■ Work instructions: What you give back must match the data exactly, minus the pictures.

■ Data extract:
··········

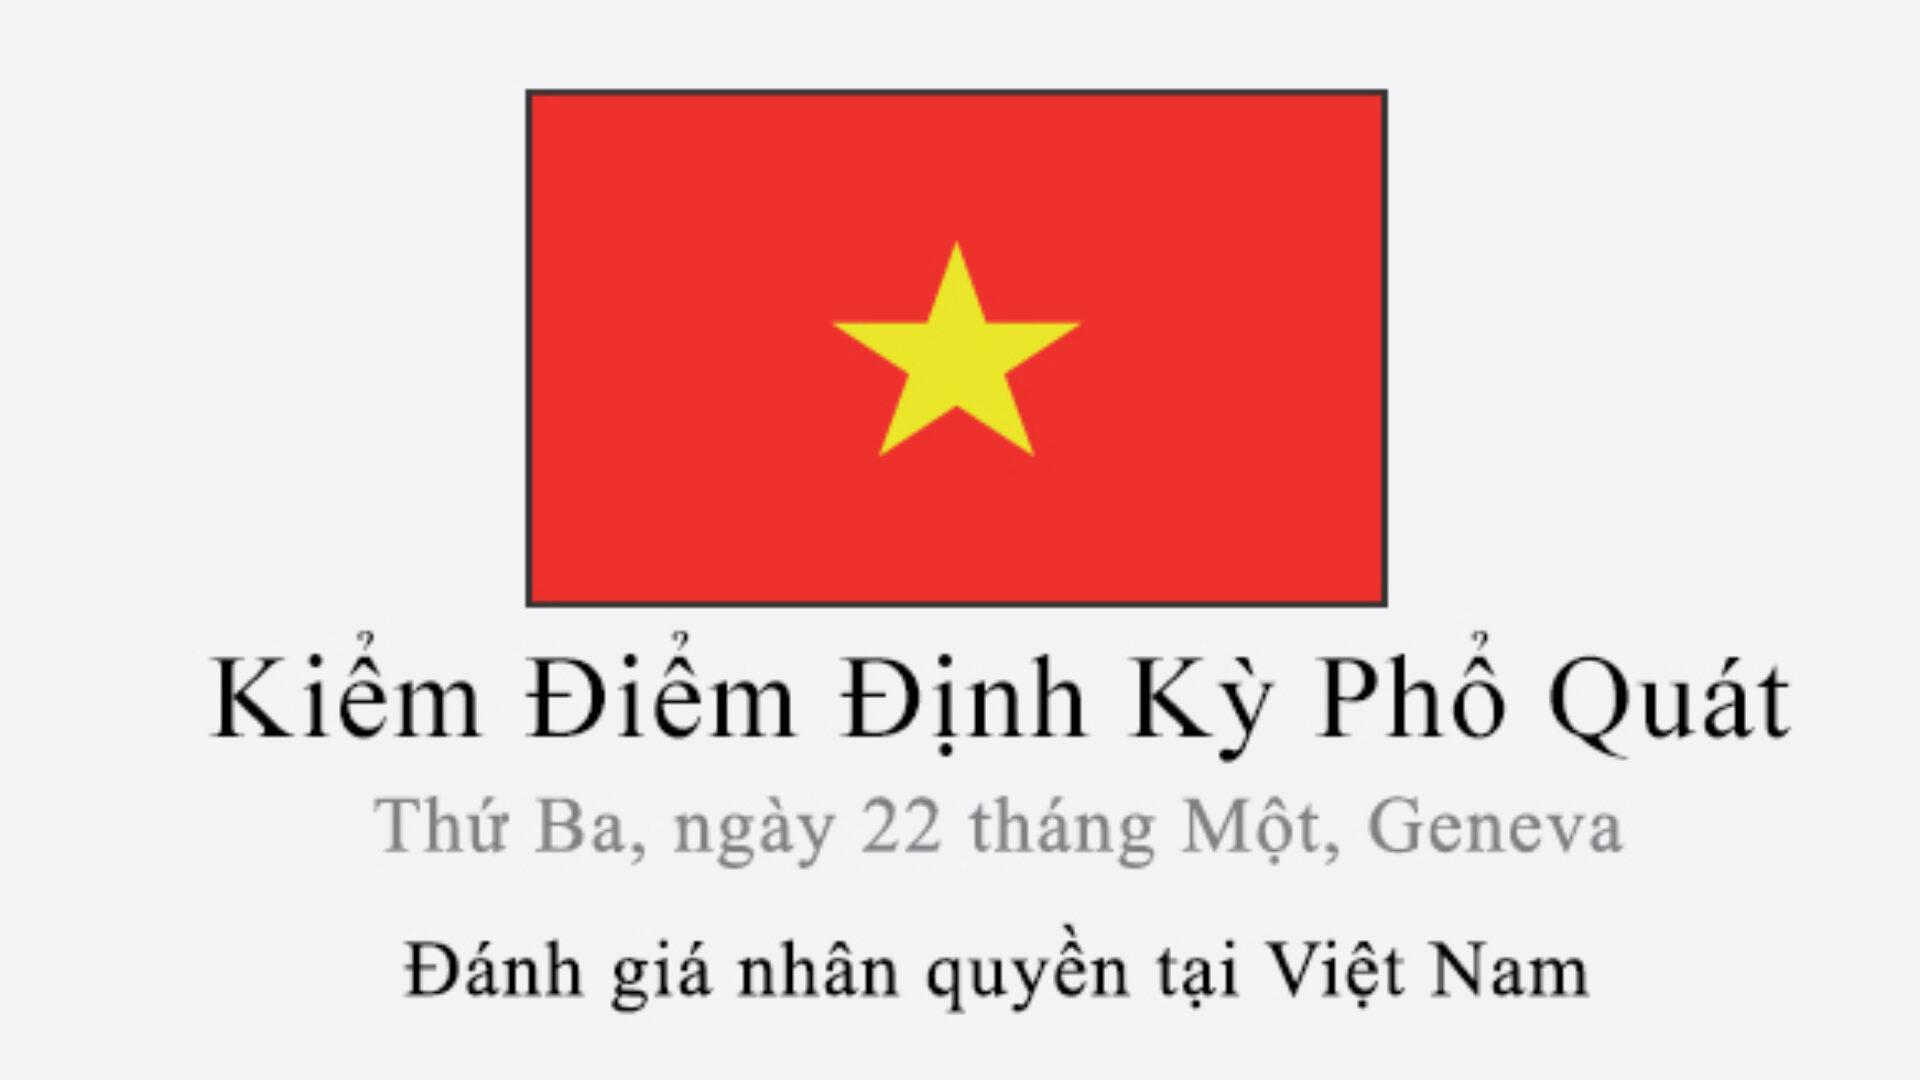 (Tiếng Việt) Xem livestream Nhà nước Việt Nam báo cáo nhân quyền tại Liên Hiệp Quốc
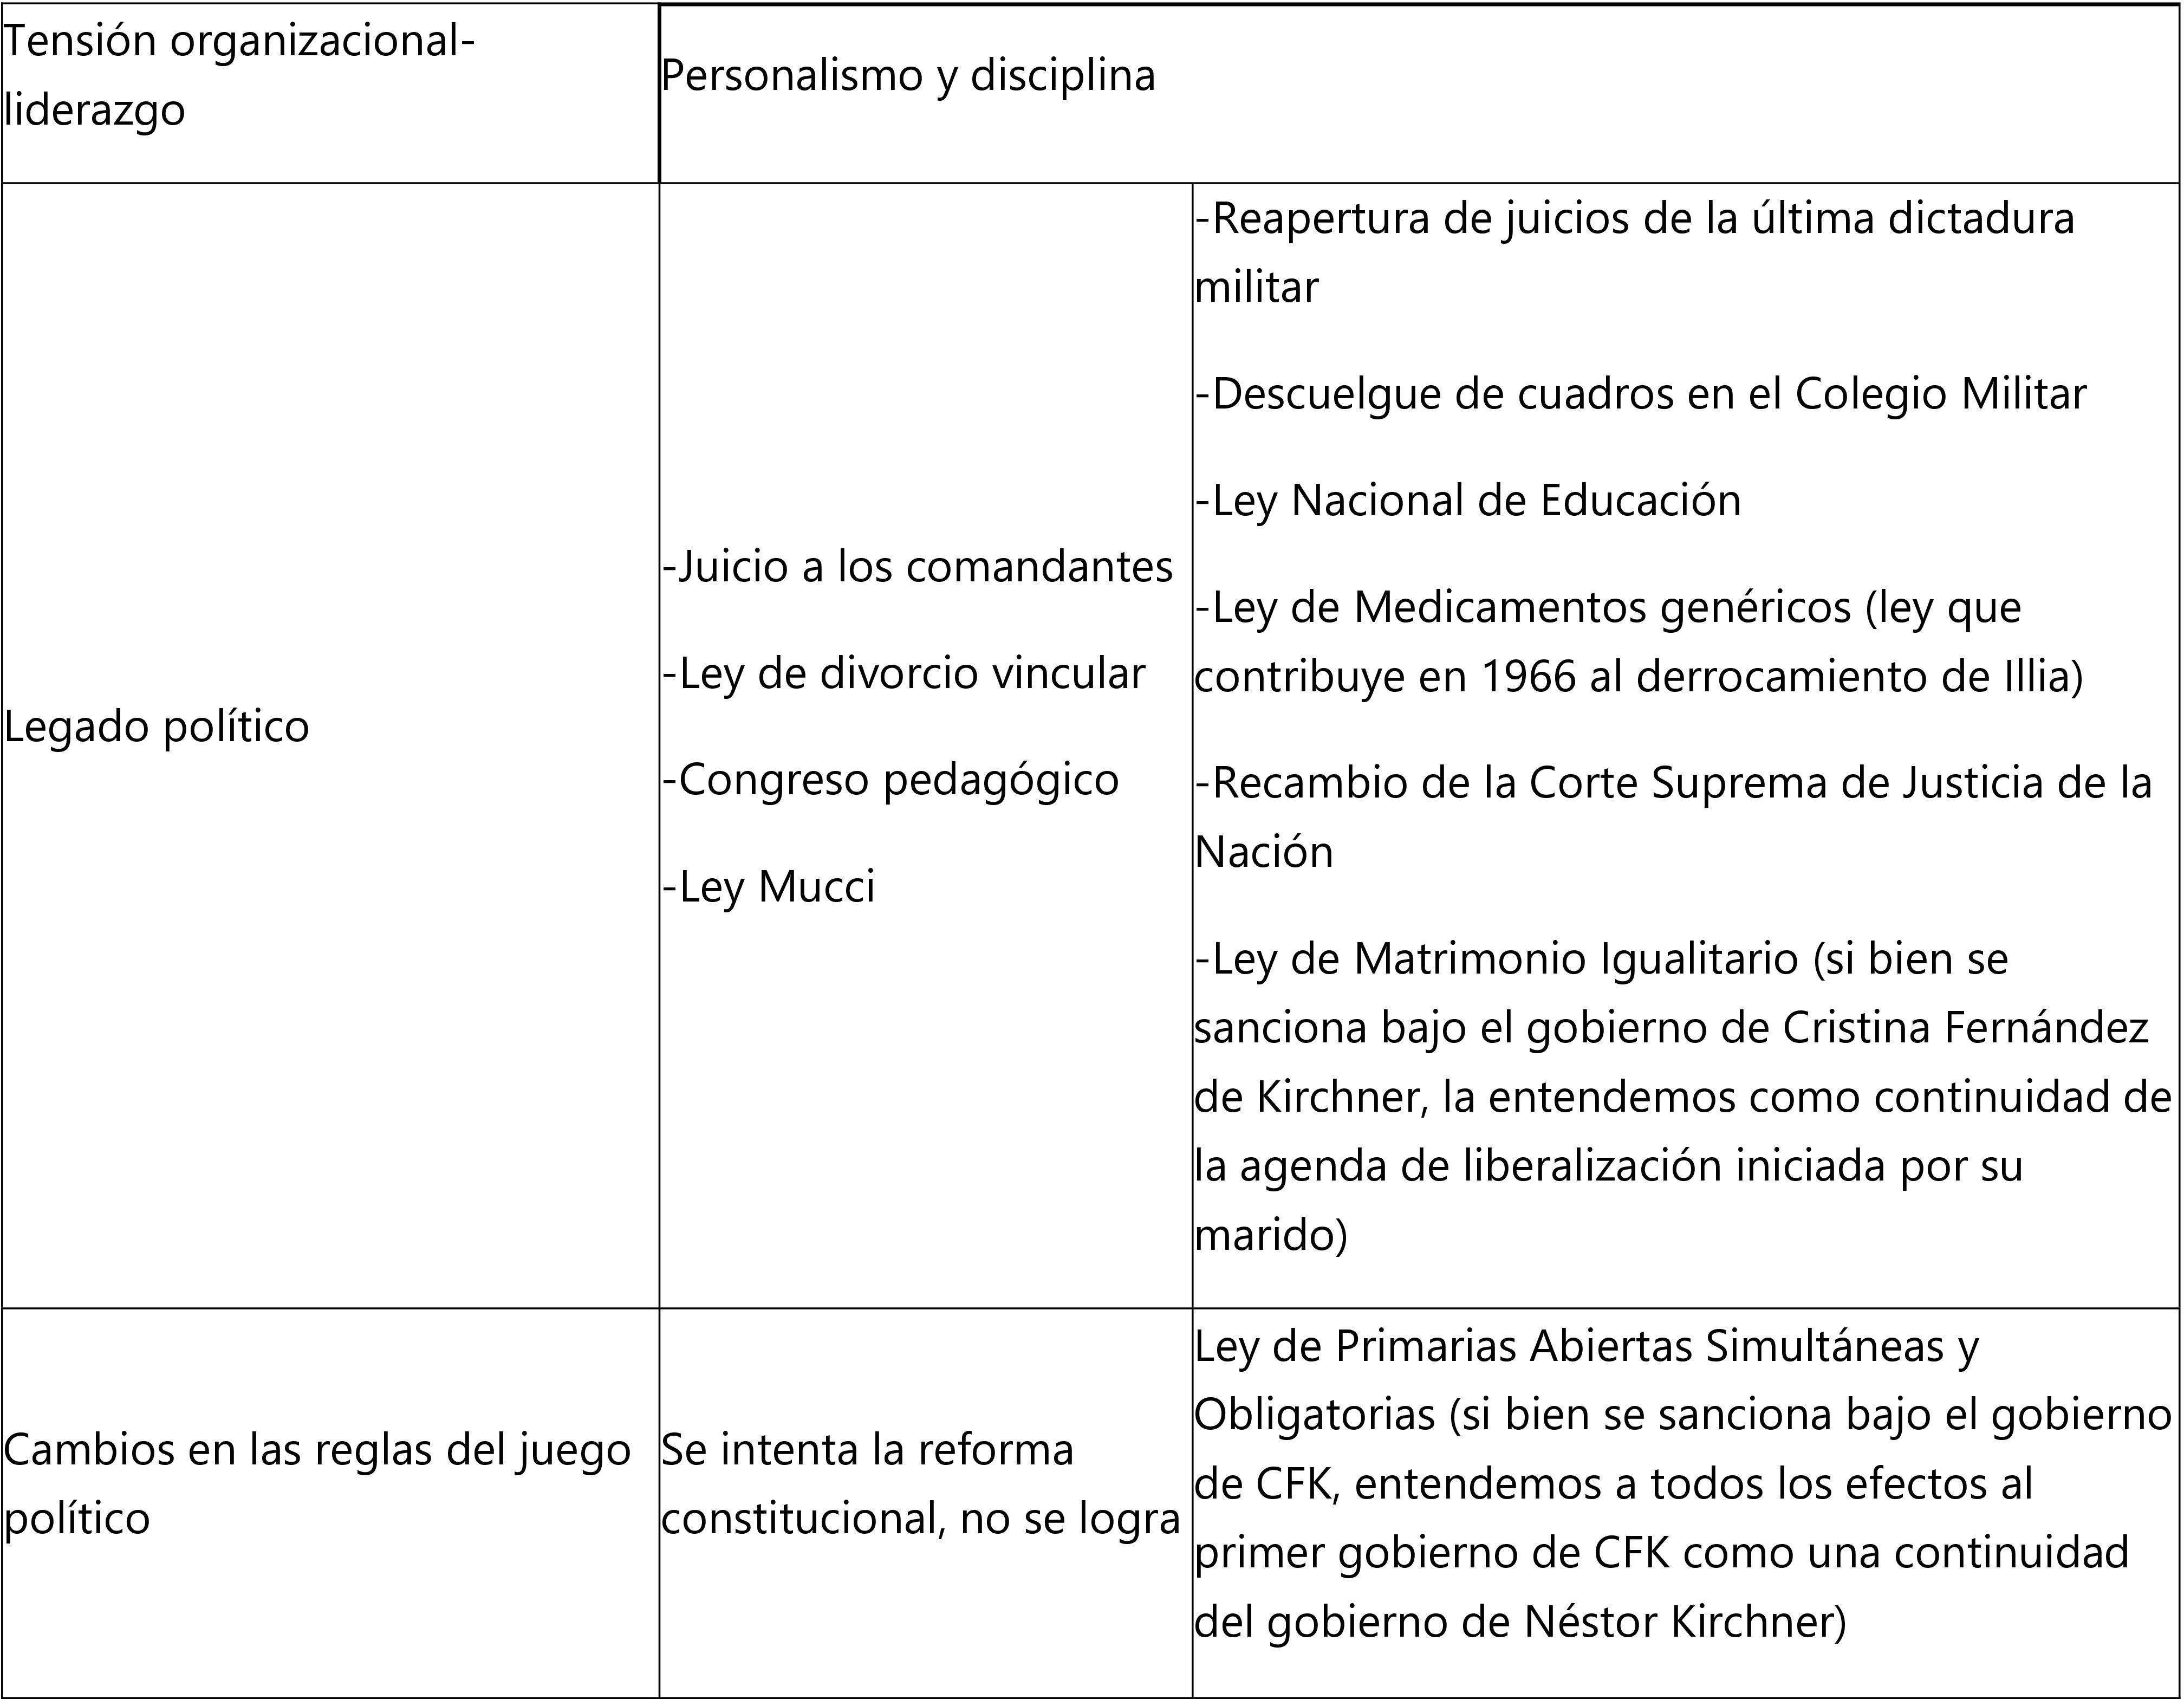 tabla-cap-1_Laura2-2_c
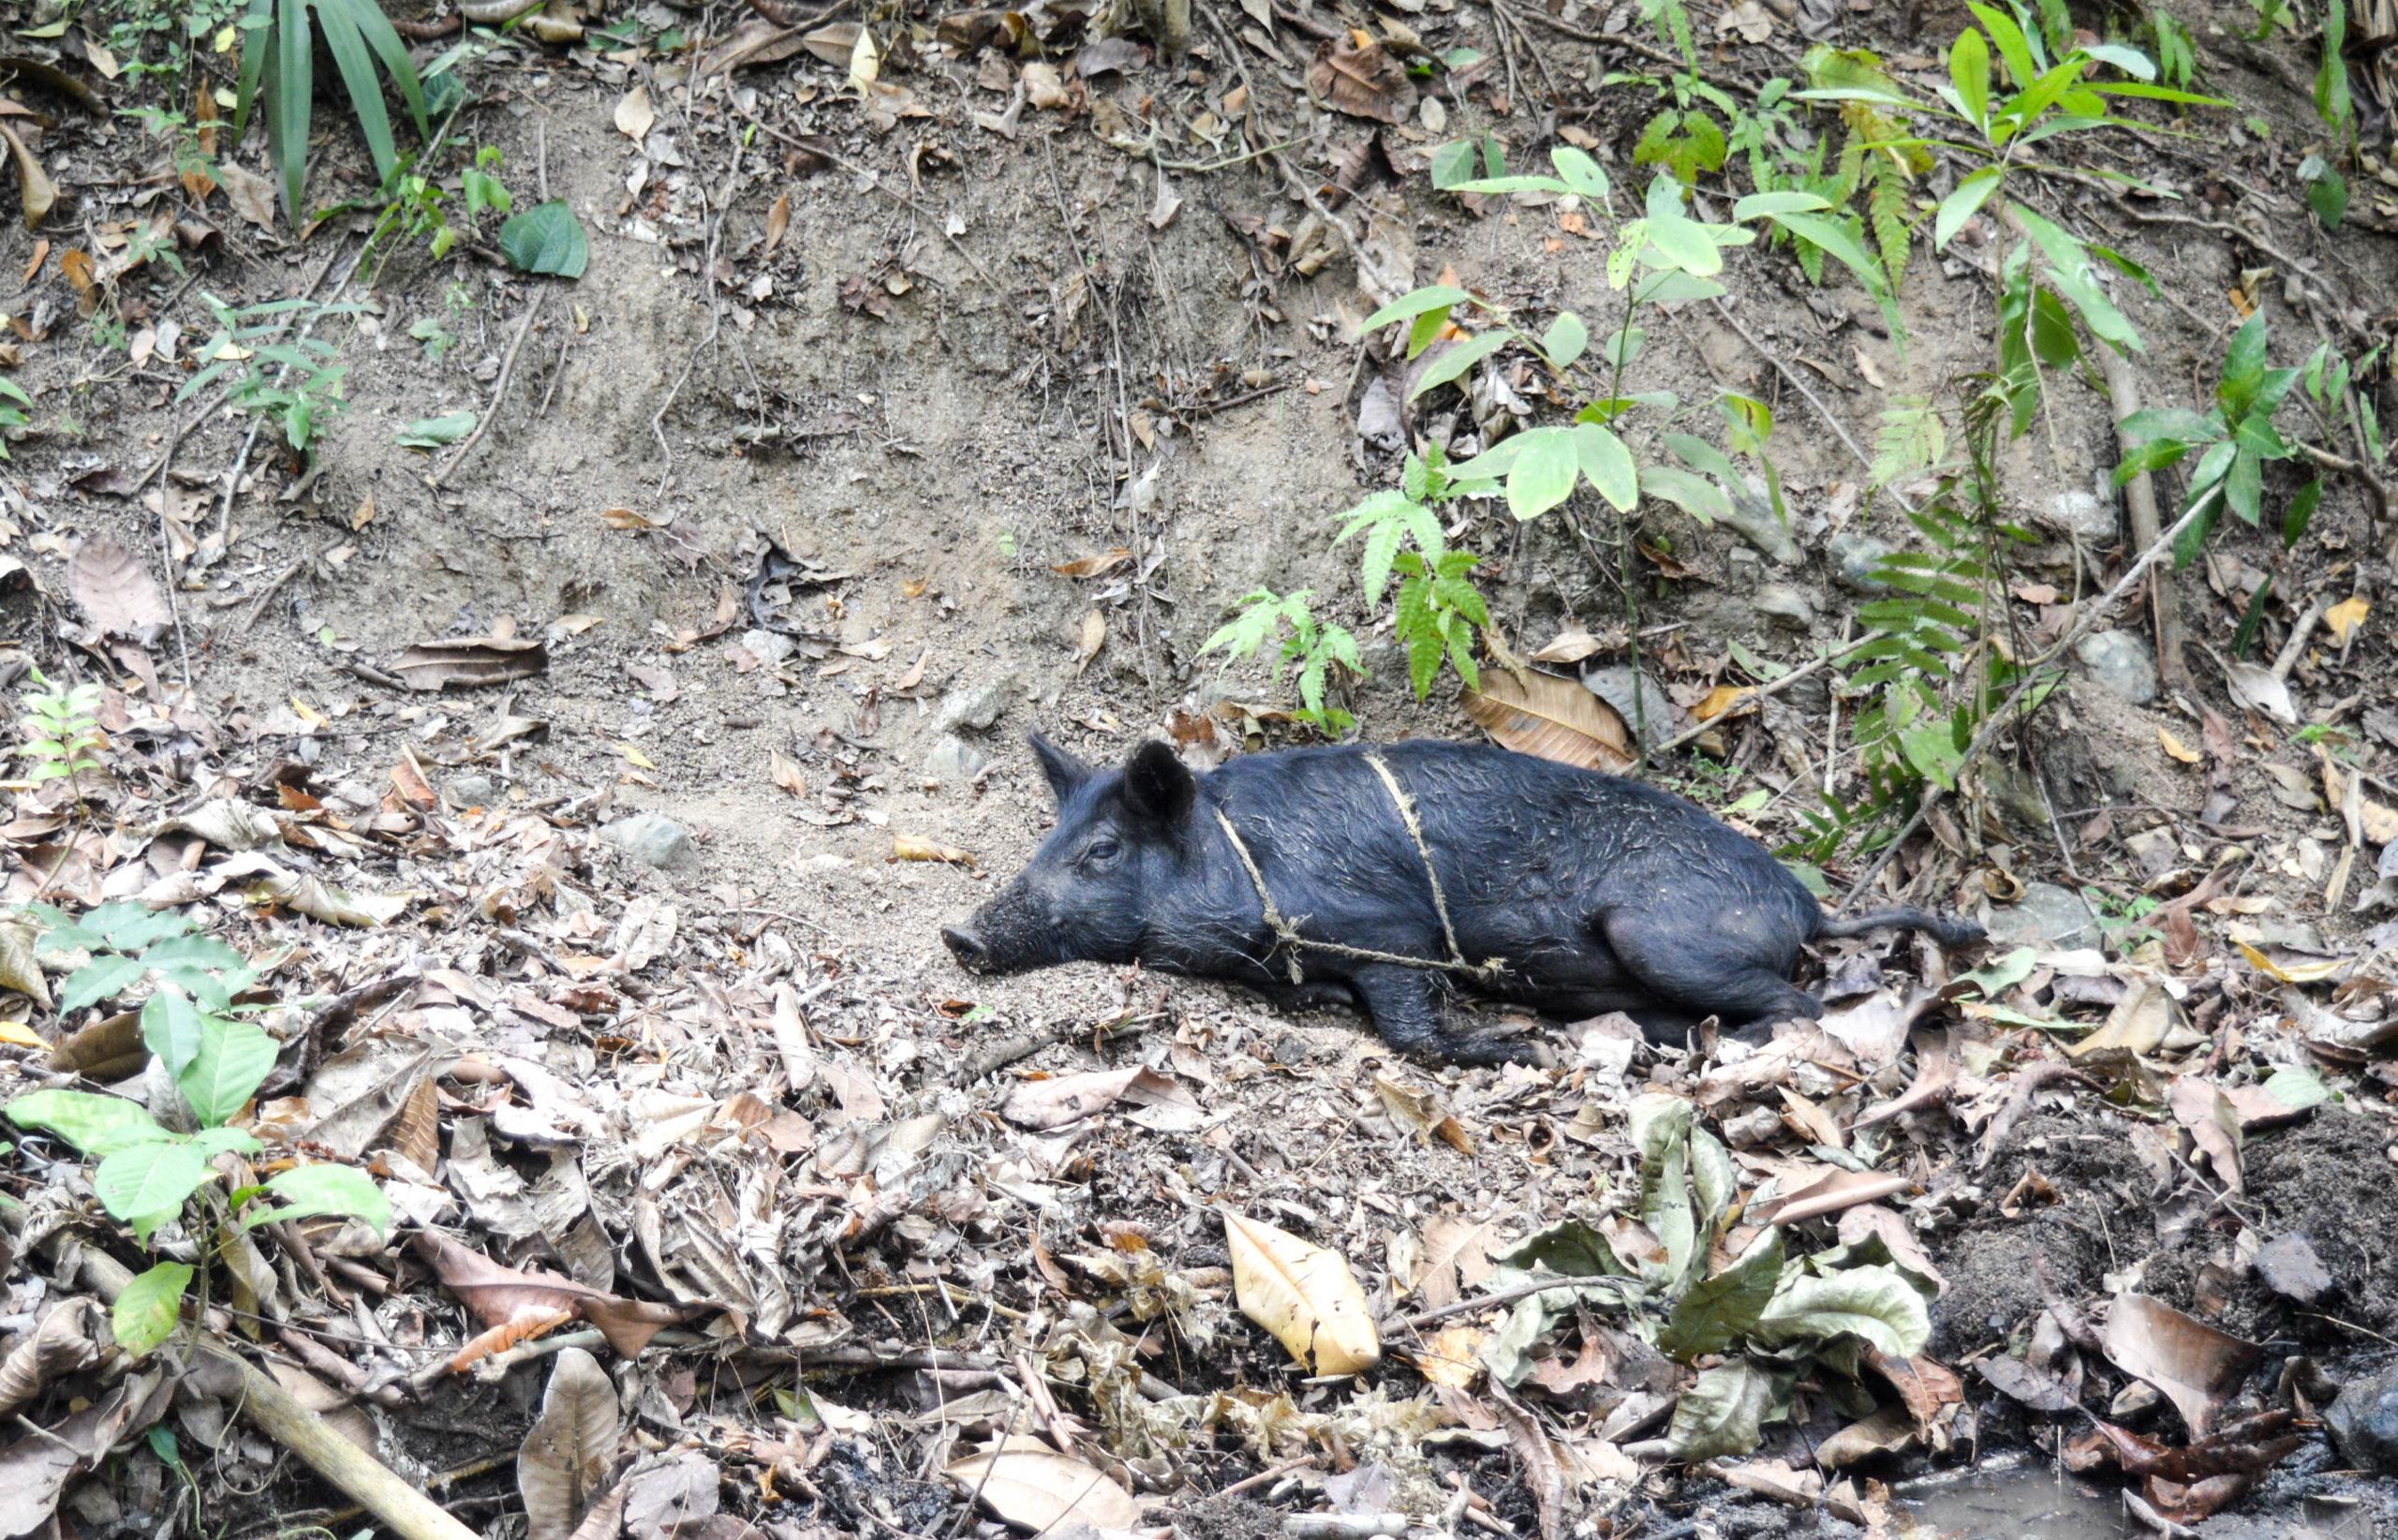 cochon dans la forêt tropicale, parc tayrona

··········

■ Answer to this task:
 (Tiếng Việt) Xem livestream Nhà nước Việt Nam báo cáo nhân quyền tại Liên Hiệp Quốc
 tabla-cap-1_Laura2-2_c
 cochon dans la forêt tropicale, parc tayrona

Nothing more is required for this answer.